Reynolds is relying on a high density of people in the community to support
business as well as visitors who shop at Jordan Creek Town Center or live
around the West Glen area. He also said his company is being selective in what
businesses they bring in. "We are seeking out tenants that help support and
reinforce each other," he said.
Wait and see
People like Griffieon and Summerville also believe though planned growth is
better than suburban sprawl, it doesn't replace having no development.
"There are ways to make development more sustainable in an ecological sense,"
Summerville said, "but it is not a replacement for having large protected areas."
Griffieon, who lives on a farm north of Ankeny, urges planners to develop only
when necessary. "[Prairie Trail] would be smart growth if it was truly necessary
development," she said, "but Ankeny has about 1,000 houses sitting for sale."
In addition, Griffieon notices that some developers are calling their communities
"smart growth" because they have one or two of the smart growth components,
but are ignoring some of the other 11 principles, along with developing on
farmland instead of in undeveloped space within a city. She also has noticed that
smart growth communities have not set an example for other development and
slowed outward development, using Prairie Crossing in Illinois as an example.
Experts, however, are still waiting to see the full effects of smart growth and new
urbanist communities because many are less than a decade old or are still being
built.
Hamilton sees these planned developments as an evolution, not an end.

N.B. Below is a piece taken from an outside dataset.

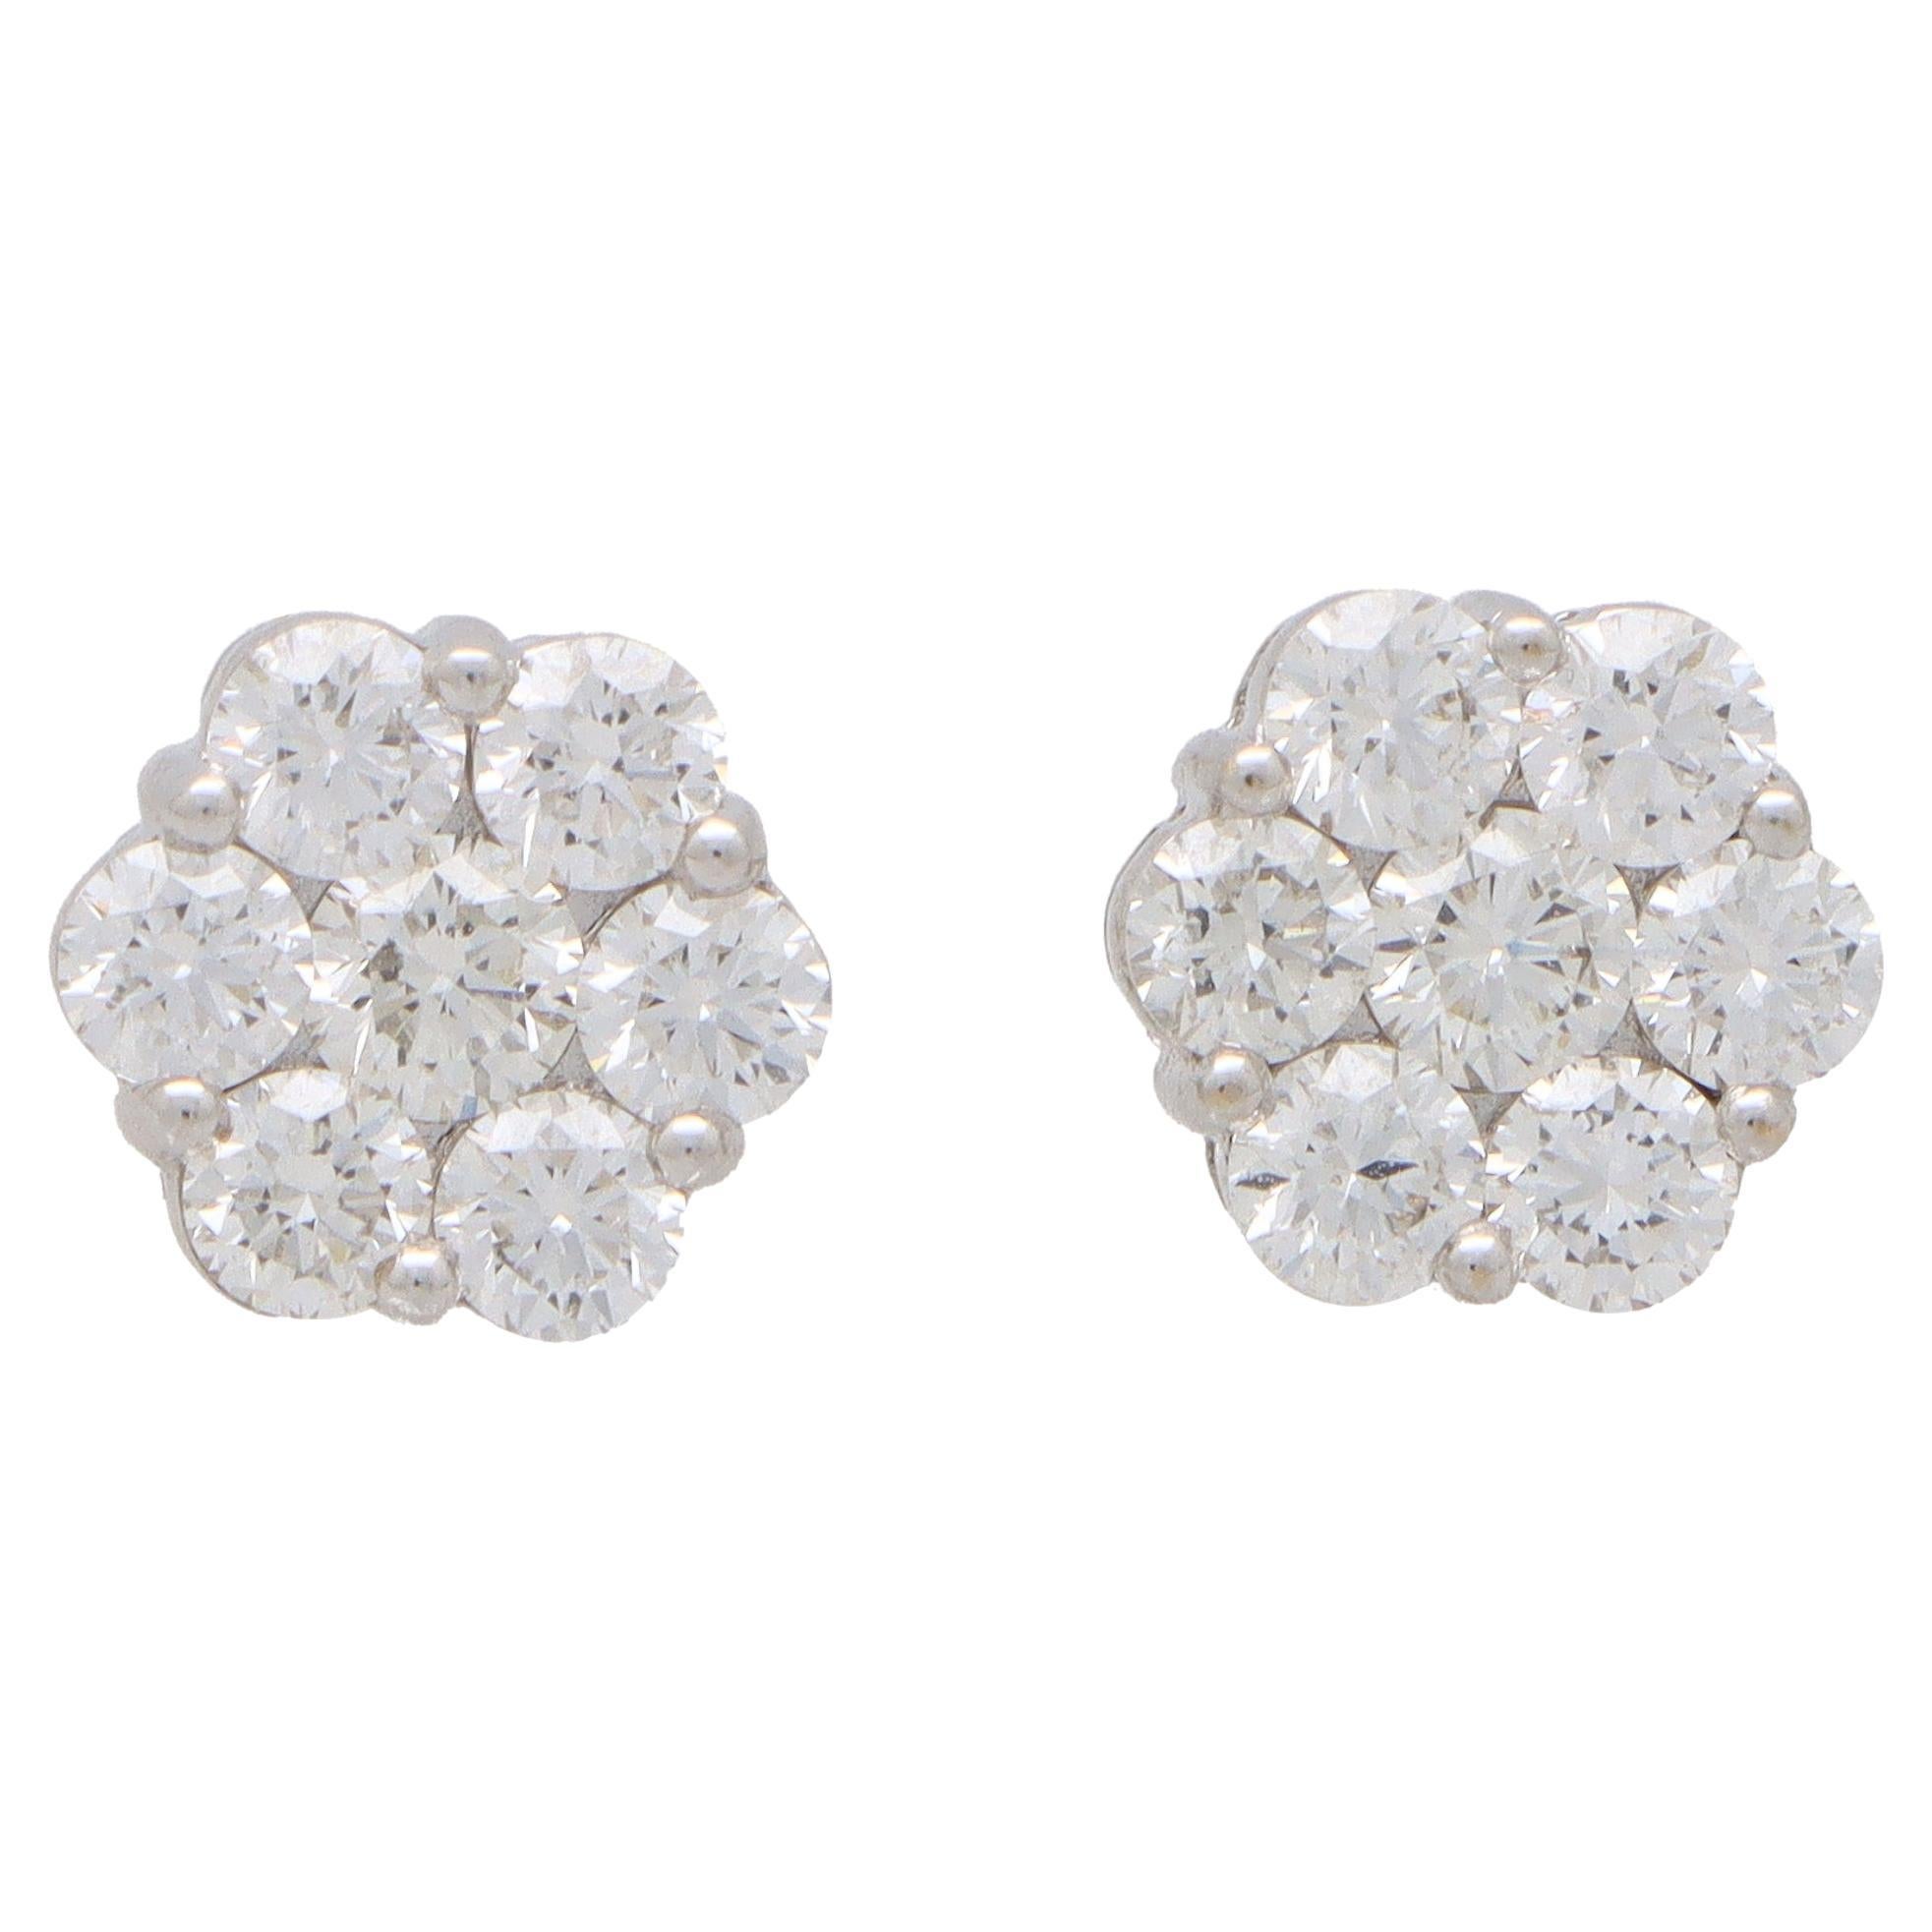 Vintage Floral Diamond Cluster Stud Earrings Set in 18k White Gold
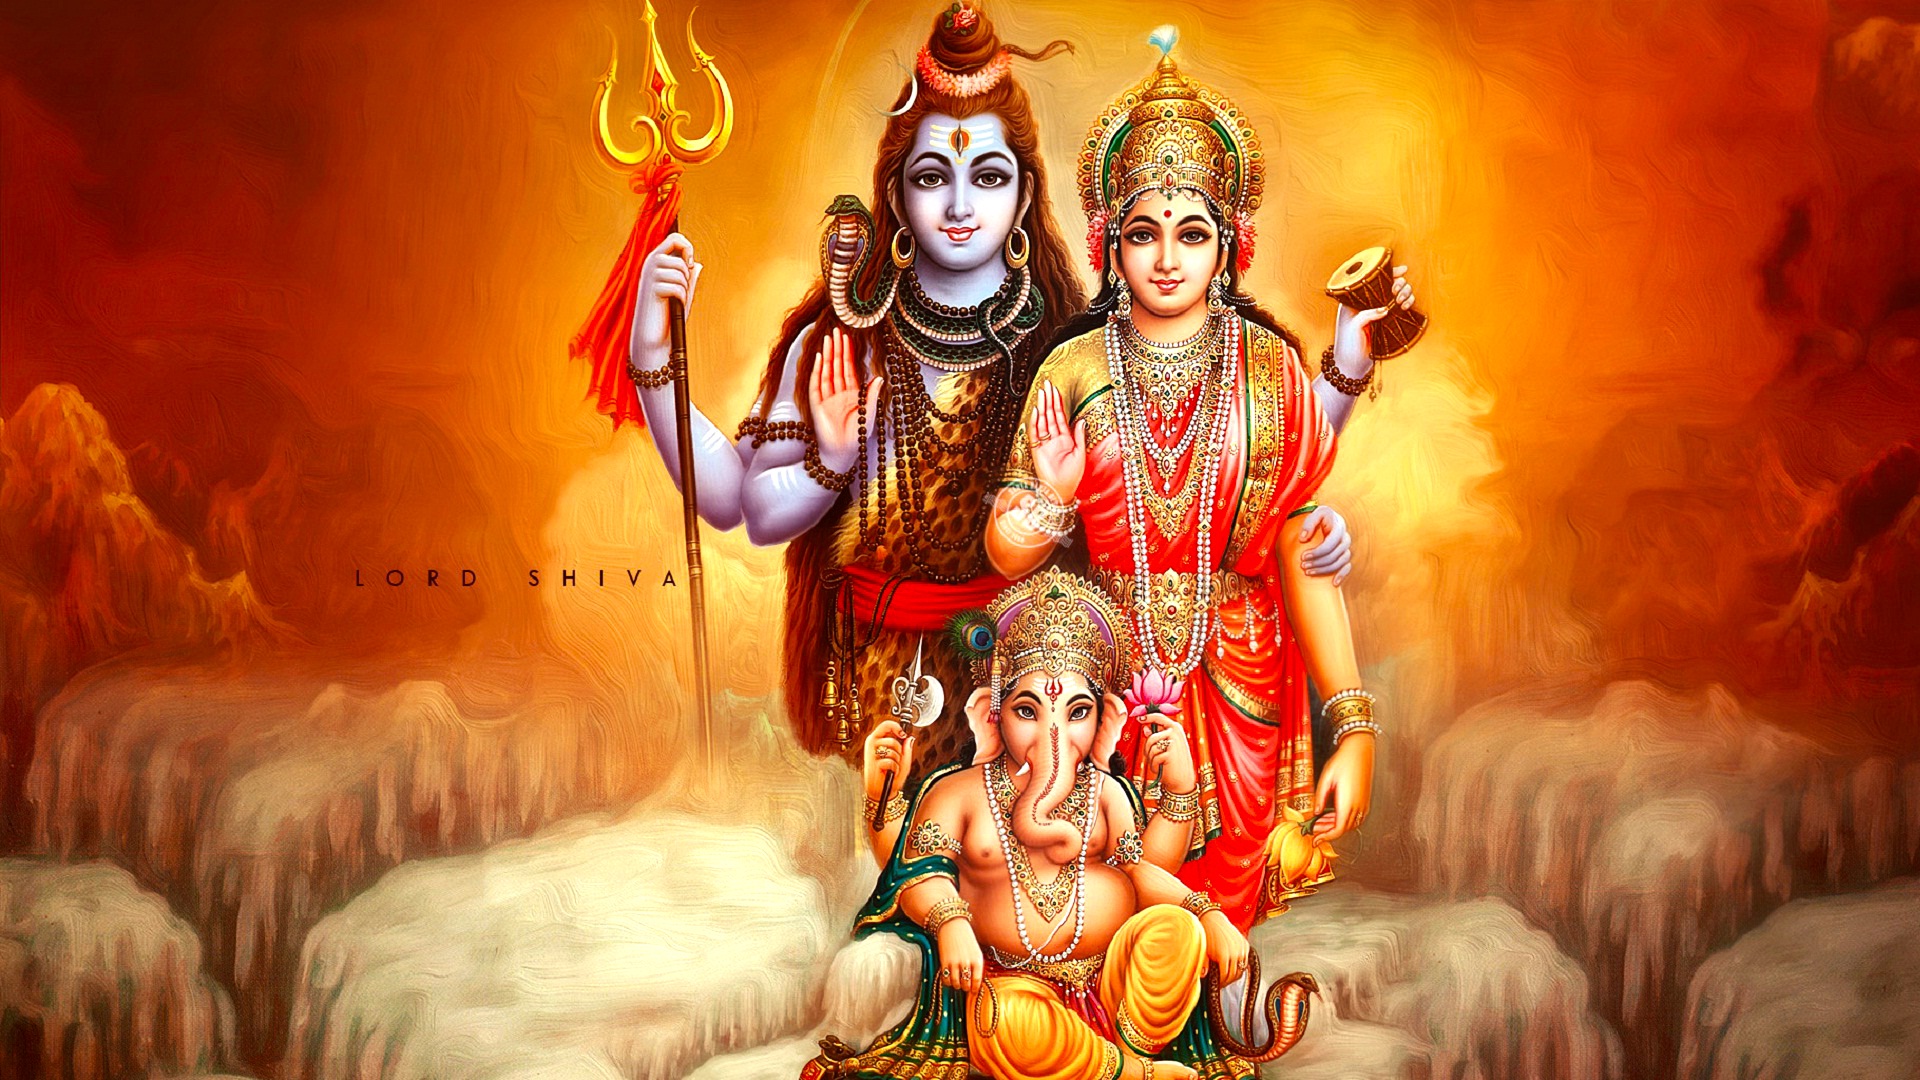 Lord Shiva Desktop Wallpaper | Hindu Gods and Goddesses

"We're trying to think more creatively about how to use zoning and planning tools
to achieve certain objectives," he said.
One option is to look at Oregon, which has a "progressive land-use policy,"
Martin said, and consider ideas such as drawing a circle around the city and
deciding not to develop past that line until the inside of the city is fully developed.
Martin also stresses that people should wait and see how these planned
communities fully develop. It takes a while, he said, for the trees to grow over the
streets and the land to be fully developed to the point where it may be able to
sustain more commercial growth.
"We have to give it time," said Martin. "We can't be too quick to judge."